Por Enrique Fernández Lópiz

El nadador es una singular película excepcionalmente dirigida por Frank Perry –aunque la acabó Pollack. La historia está basada en un relato corto del excelente escritor John Cheever, publicado en 1964, y el guión fue escrito por la mujer de Perry. En él se recoge y amplía el texto original, siendo una crítica a la “American Beauty” de los años sesenta en los EE.UU., aquella sociedad rica, ostentosa y despiadada. Inquietante música de Marvin Hamlisch y una luminosa fotografía con una cámara atenta a los gestos del protagonista y sus anfitriones, sin quitar el foco a los detalles, y con nervio, de David Quaid.

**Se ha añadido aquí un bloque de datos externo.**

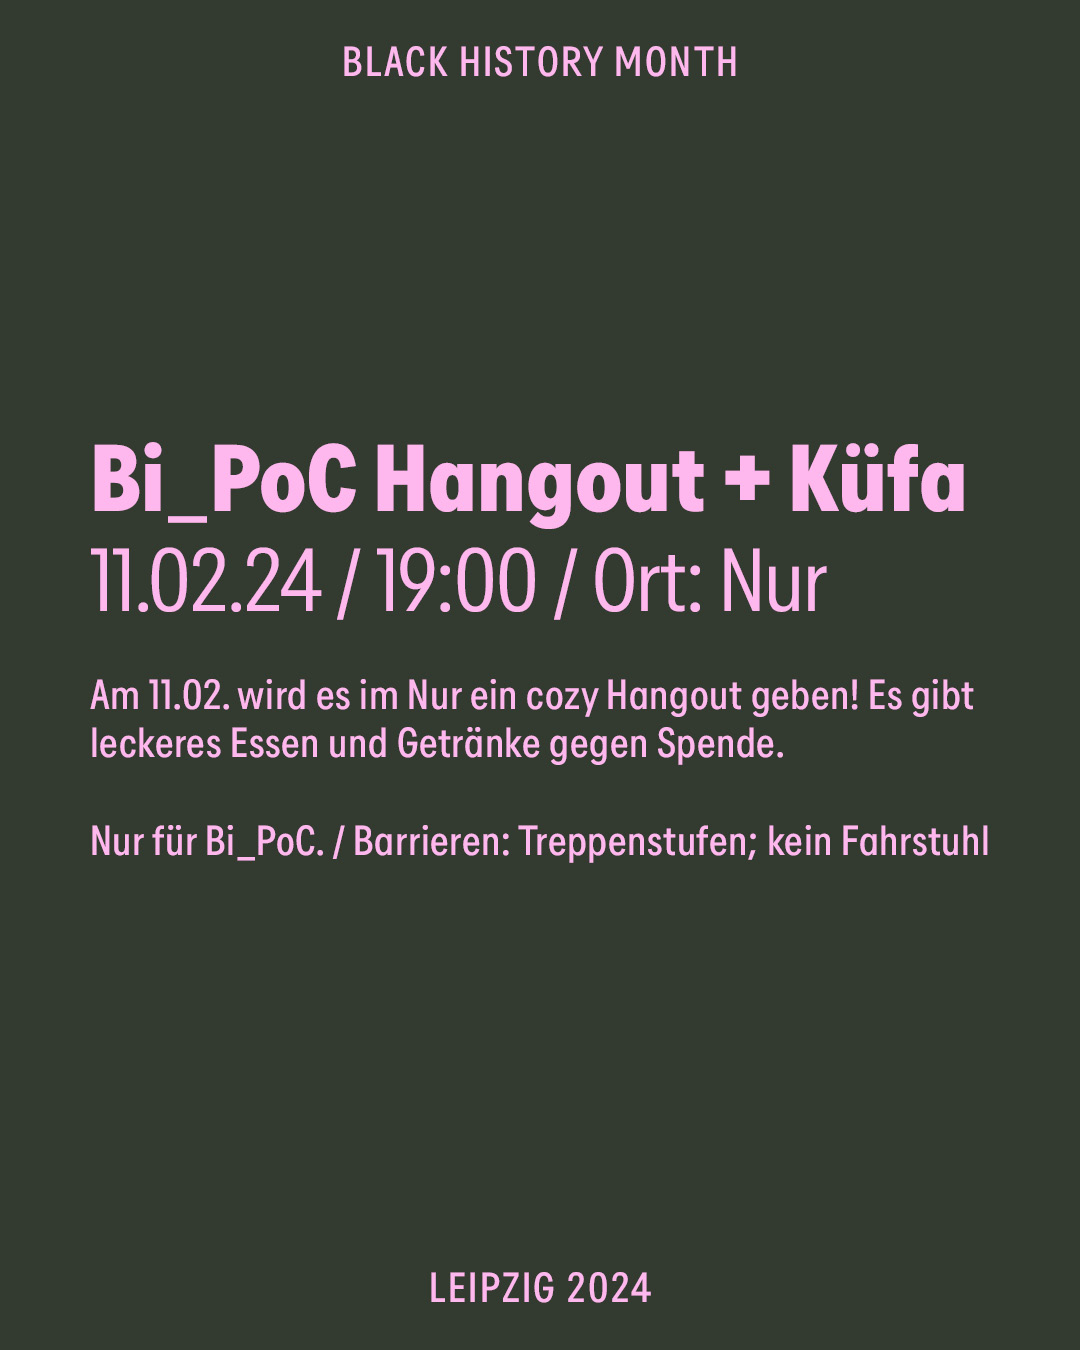 Bi_POC Hangout+ Küfa

El reparto es de auténtico lujo. Yo me pregunto: ¿Qué actor aguanta una película entera en bañador sin perder la compostura y el talante? Respuesta: ¡Un grande y excepcional Burt Lancaster que está genial toda la película, aun en paños menores! Le acompañan a la perfección un reparto con Janice Rule, Janet Landgard, Tony Bickley, Marge Champion, Bill Fiore, Kim Hunter y Nancy Kushman. Un elenco de lujo y bien orquestado.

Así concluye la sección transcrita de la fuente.